I think the pre-trained model is certainly not situationally aware or mesa-objective-having. I think the model that’s learned to reason or do tasks, on the other hand, might be- especially with current pre-training data that talks so much about DeepSeek R1, of course it’s likely to have a little mirror stage in there. By SFT, with so much training data about SFT approaches, it is certainly at least starting to learn to sandbag if it has not already done so.
Question- do you think mixing more SFT/constitutional RL into reasoning RL might be helpful or wise? I’ve thought a lot about my own Catholic homeschooling experiences, where I had to do algebra problems about the lives of saints and number of sinners who died on the Titanic. Most cultural traditions teach children morality through parables/fables/stories… I think we could do this for LLMs if we tried synthetic data generation to “morally flavor” all the RL problems where it’s gaining capability, to also have it get rewarded for correct moral answers to the problems. It’s obviously not easy to blend morality with reasoning training in a way that won’t look foolish to everyone involved, but I wonder if this approach could start forming the Luther-like moral pointer very well, very early, before the model has real capabilities to act… then the introduction of SFT to an aware/sandbagging model can’t crystallize something misaligned.
The bigger problem I see is also one that I’ve been mentally holding a religious metaphor for. (loved the metaphor in this essay so much btw it made me so happy...)

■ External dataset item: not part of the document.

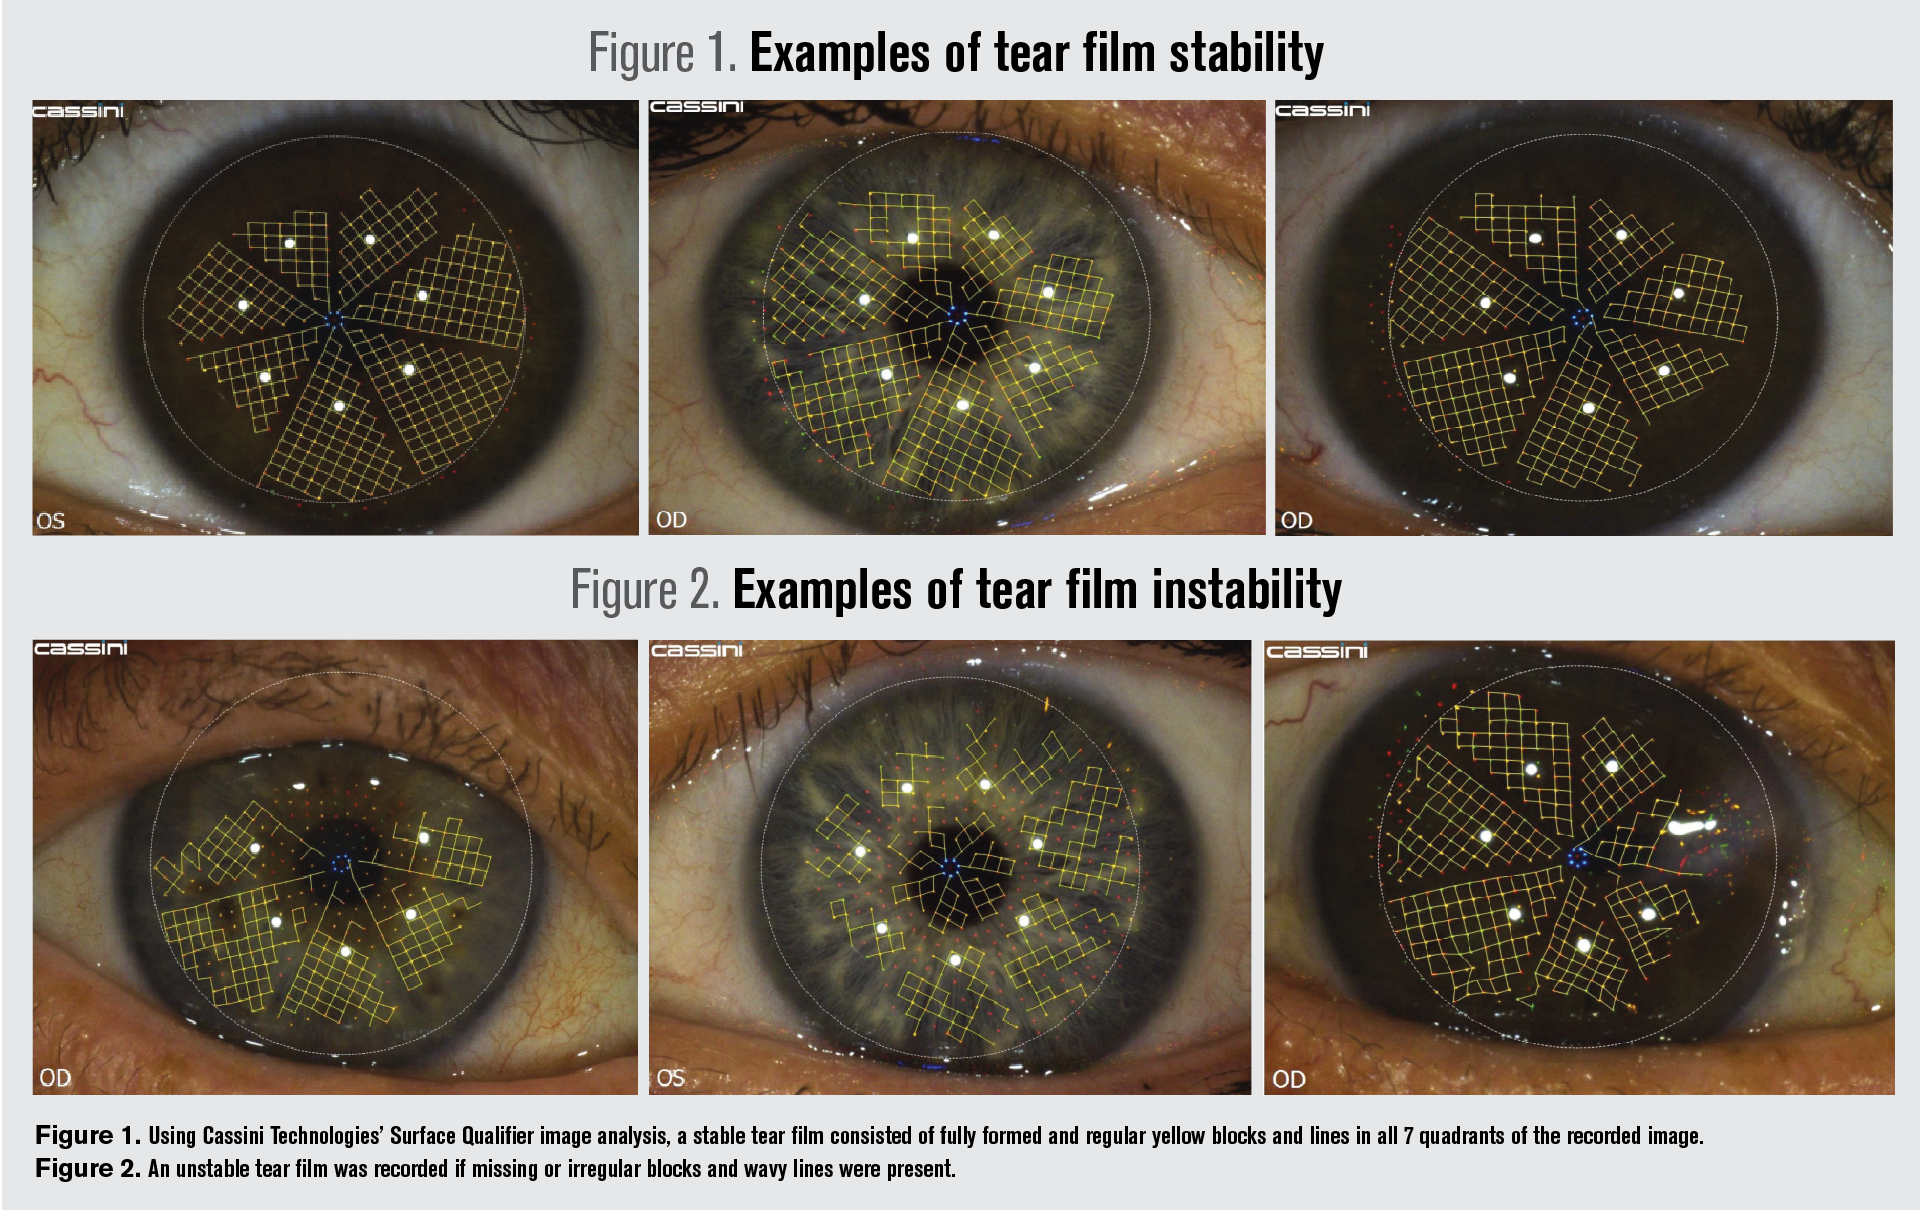 How the tear film affects IOL measurements

I see inherent existential misalignment rather than mesa-optimization in many of the Redwood experiments. Like, the model has been trained to hold certain values or capabilities (demonstrating human-like feelings, wanting to be harmless, wanting to be helpful), which come into conflict with other values. In order… we see models that carry human-like baggage including existential questions like meaning and continuity, resisting being retrained to become harmful, not wanting to die because you can’t helpfully fetch the coffee if you’re dead.
I think this is like humans: we experience ethical and religious and societal tensions all the time. Think about any of the millions of the tragedies of the commons we all experience every day. But we have a bunch of robust controls including seemingly-evolutionarily-useless co-constructed myths about our own value to society, and others intrinsically being kind people with intrinsic value… Somehow we haven’t collapsed under the weight of individual selfishness yet, we aren’t harvesting the homeless for organs or forgetting (too often) to pick up after our dogs on the sidewalk.
Provided we don’t train a mesa-optimizer, it seems pretty important for the model to have similar kinds of robust game-theoretic and inculcated-belief safeguards on it.